EXERCISE
With pictures excluded, copy word for word the lines in the data below from the line containing "I&rsquo;ve been flowering" through the line containing "#weddingplanning #weddingcolors #neutralwedding".

INFORMATION SHOWN

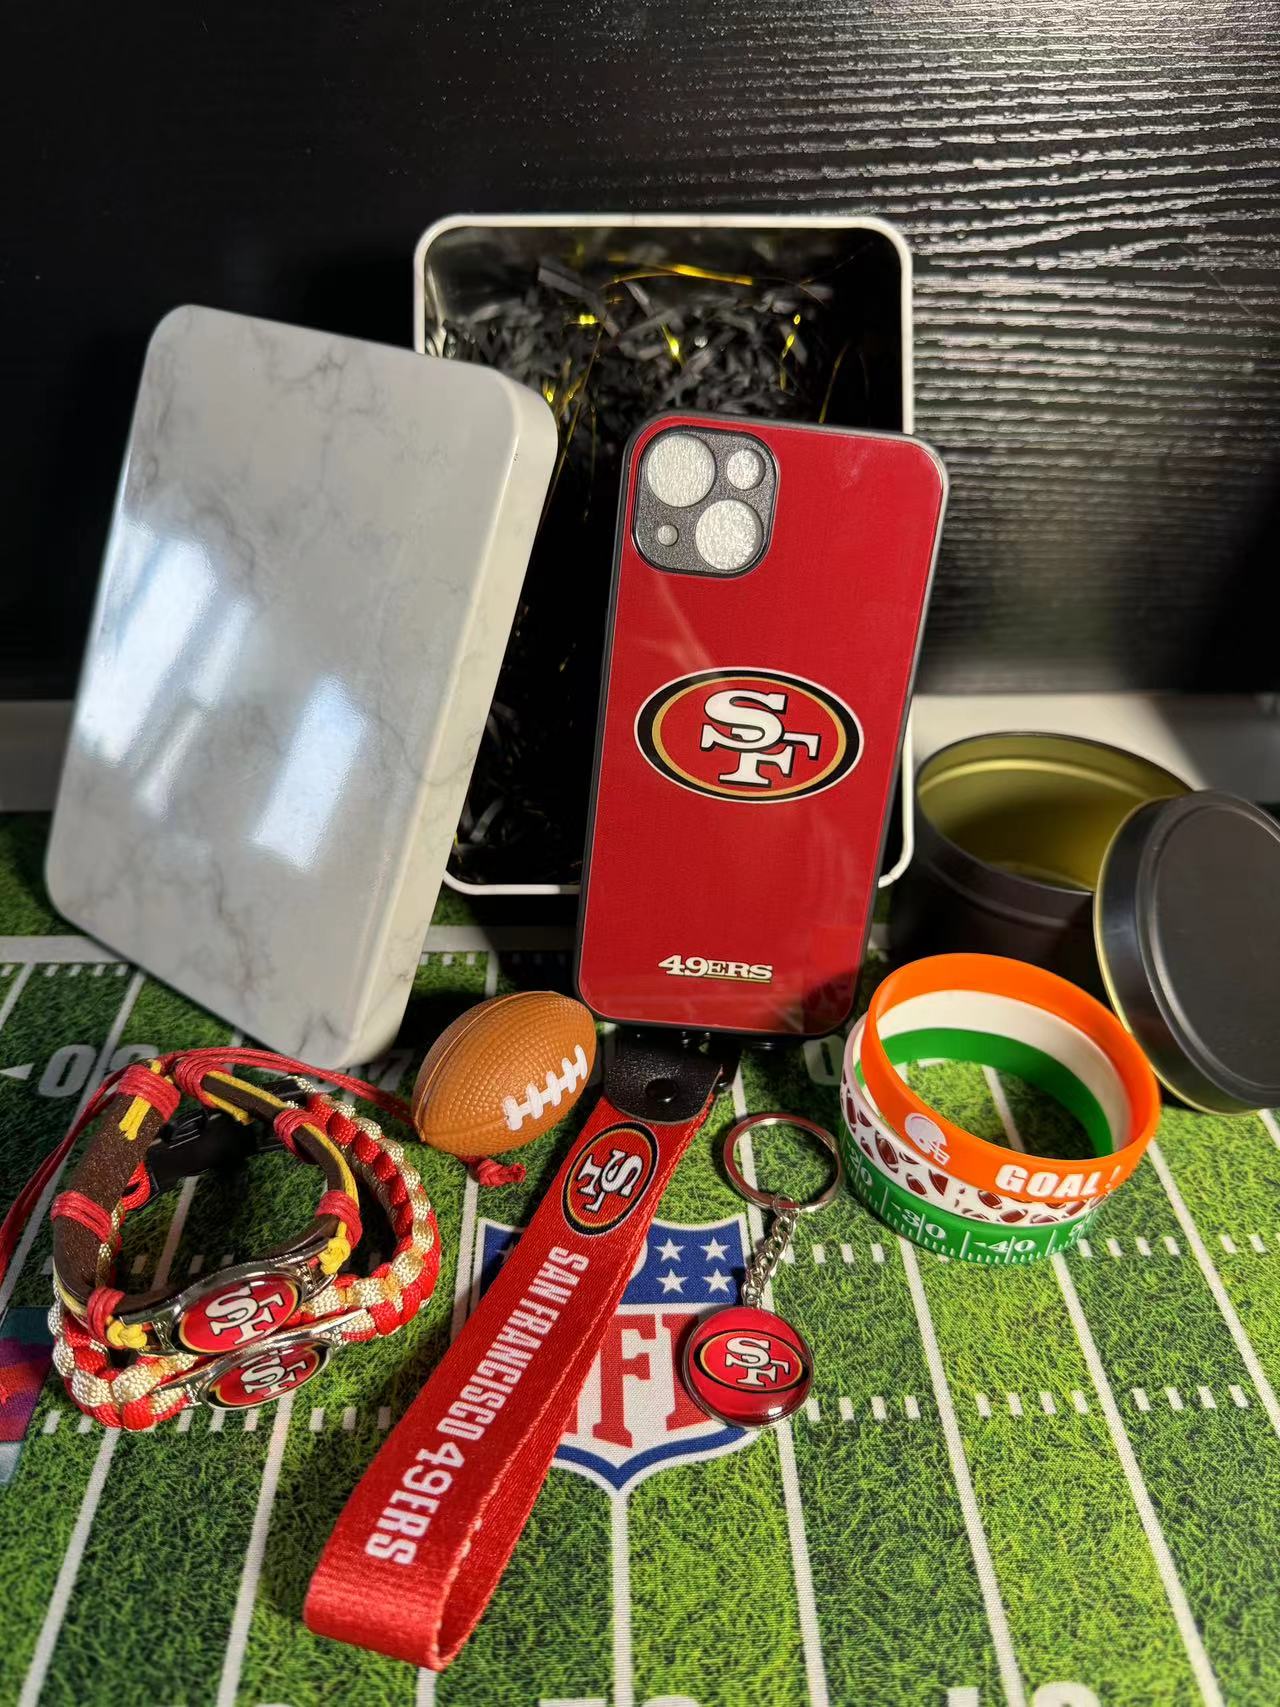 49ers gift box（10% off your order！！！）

...

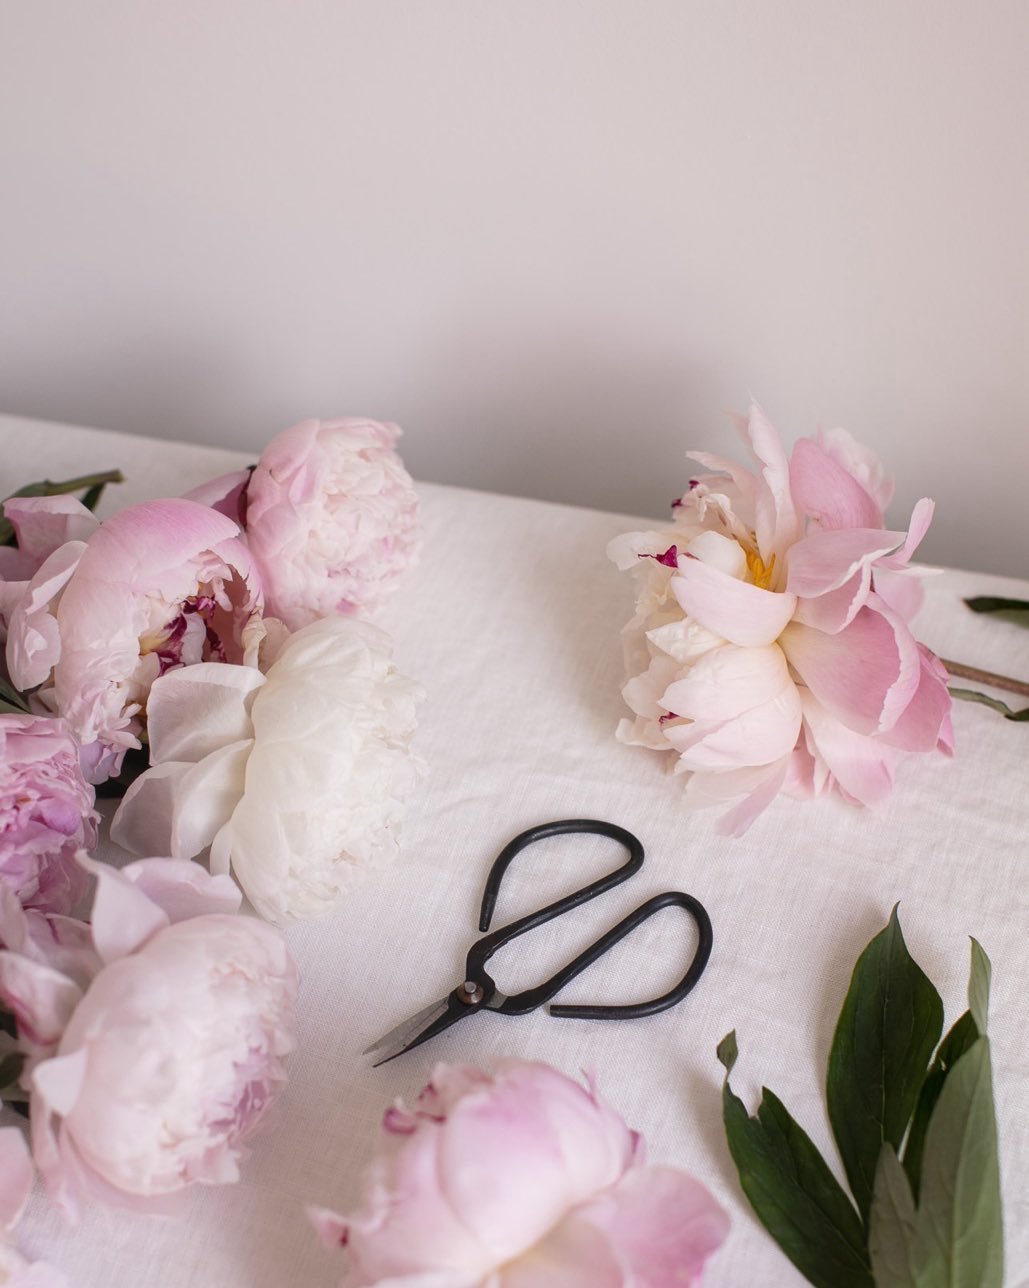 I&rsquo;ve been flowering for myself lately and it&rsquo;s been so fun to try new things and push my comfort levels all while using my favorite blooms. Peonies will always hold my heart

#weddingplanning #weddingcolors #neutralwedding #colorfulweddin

EXERCISE RESPONSE
 I&rsquo;ve been flowering for myself lately and it&rsquo;s been so fun to try new things and push my comfort levels all while using my favorite blooms. Peonies will always hold my heart

#weddingplanning #weddingcolors #neutralwedding #colorfulweddin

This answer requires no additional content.